Amazon Outage Waking People Up Regarding Our Slavery to Internet – US Government Failing in Defense Against Cyberattacks

by Brian Shilhavy
Editor, Health Impact News

In the wake of the Amazon Web Services (AWS) outage earlier this week, there have been numerous articles published in the media concerning just how vulnerable our society has become to just a few Big Tech companies here in the U.S. who control most of the Internet.

Government services, banks, smart homes, cell phone services, the retail market and just about every other facet of our society today depends upon the Internet to keep things running, and most of the Internet now is hosted in huge Cloud data centers.

About 70% of these data centers are owned by Amazon, Microsoft, and Google.

Others are ramping up spending to get a piece of this pie, such as Larry Ellison’s Oracle, with his close ties to Trump.

And the main driver in the economy right now that is putting more and more of the Internet traffic into these data centers, is the AI bubble.

This is a recipe for disaster, as I have been saying for years, and that others are now beginning to realize as well.

Not only is the technology prone to accidents and failures, as technology ALWAYS has been, but they are also huge targets to hackers and cyberattacks.

A new report published just this week found that for the first time in years, the United States is no longer making progress in bolstering its cyber defenses and is instead “stalling” and “slipping” in its ability to protect itself and allies.

The primary reason for this is because IT technicians can make so much more money developing AI, which is where all the money is going in the private sector.

But even the private sector spending $trillions on AI is running into a new obstacle: China controls 90% of the world’s rare earth supplies that are needed to build these energy hungry computer chips, and they are not selling them anymore unless the country purchasing them can prove that they are not being used for military purposes, which pretty much excludes Big Tech in the U.S., because they are all defense contractors.

The United States has more data centers than almost the rest of the world combined.

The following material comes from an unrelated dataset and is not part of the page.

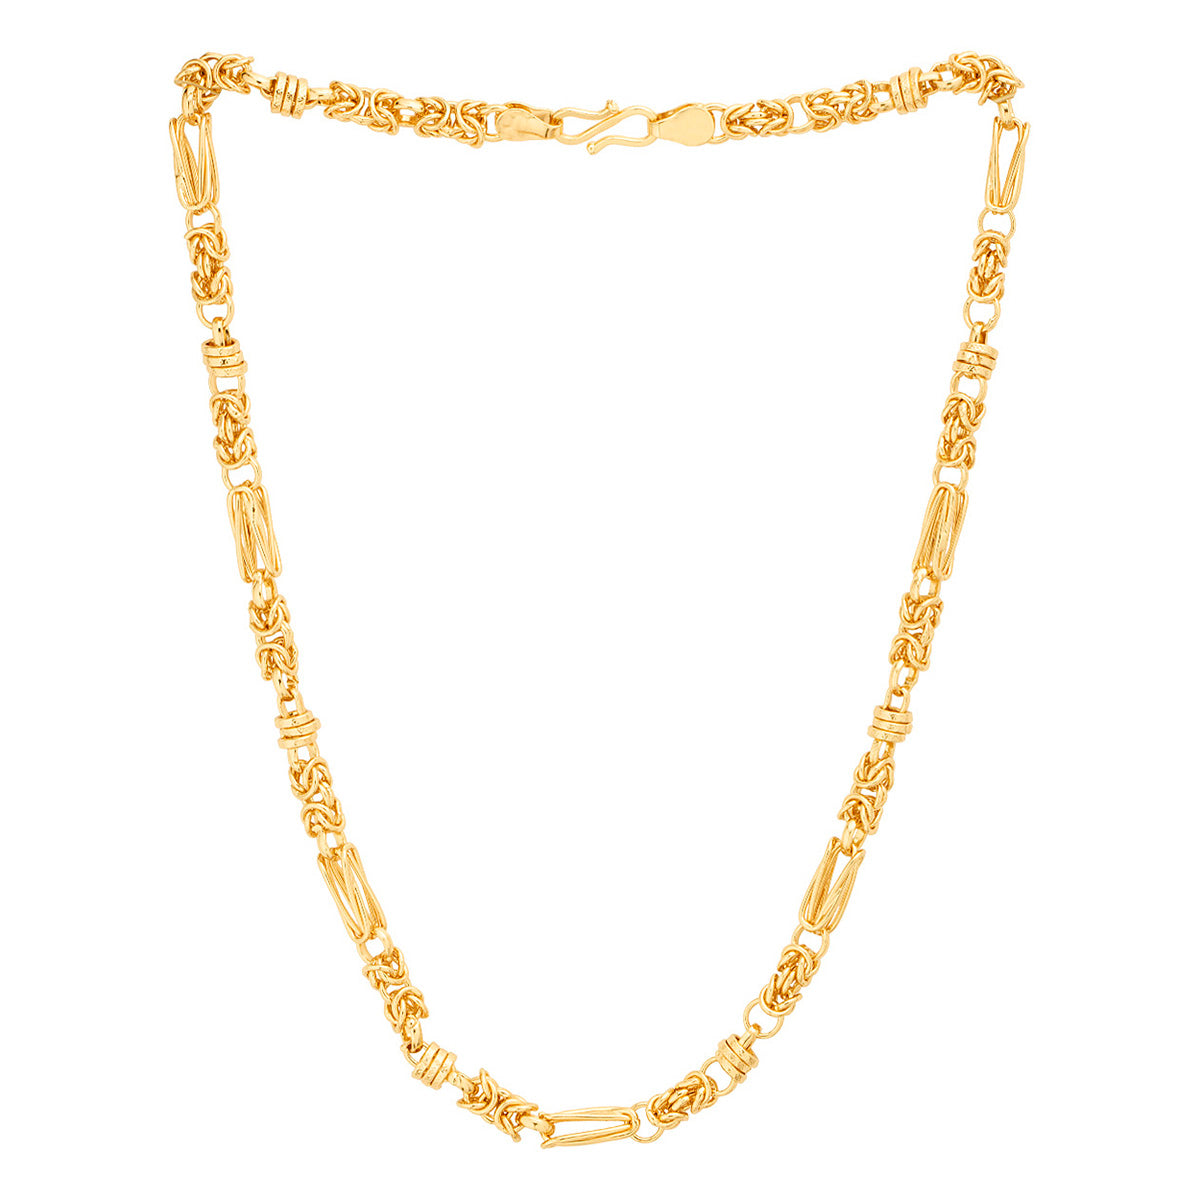 Elegant Bold Link Chain with Gold Plating

Image source.

Here are some recent articles published this week in the national media that recognize that this situation with Big Tech is a national crisis.

From CNN:

You thought Monday’s internet outage was bad? Just wait

Monday’s Amazon Web Services outage — and the global disruption it caused — underscored just how reliant the internet has become on a small number of core infrastructure providers.

The ramifications of such outages could only get worse if artificial intelligence becomes as central to work and daily life as tech giants suggest it will in the coming years.

Monday’s outage briefly blocked some people from scheduling doctor’s appointments and accessing banking services. But what if an outage took down the AI tools that doctors were using to help diagnose patients, or that companies used to help facilitate financial transactions?

It may be a hypothetical scenario today, but the tech industry is promising a rapid shift toward AI “agents” doing more work on behalf of humans in the near future – and that could make businesses, schools, hospitals and financial institutions even more reliant on cloud-based services.

A global survey of nearly 1,500 firms published by McKinsey & Company in May found that 78% of respondents already use AI in at least one business function, up 55% from a year earlier.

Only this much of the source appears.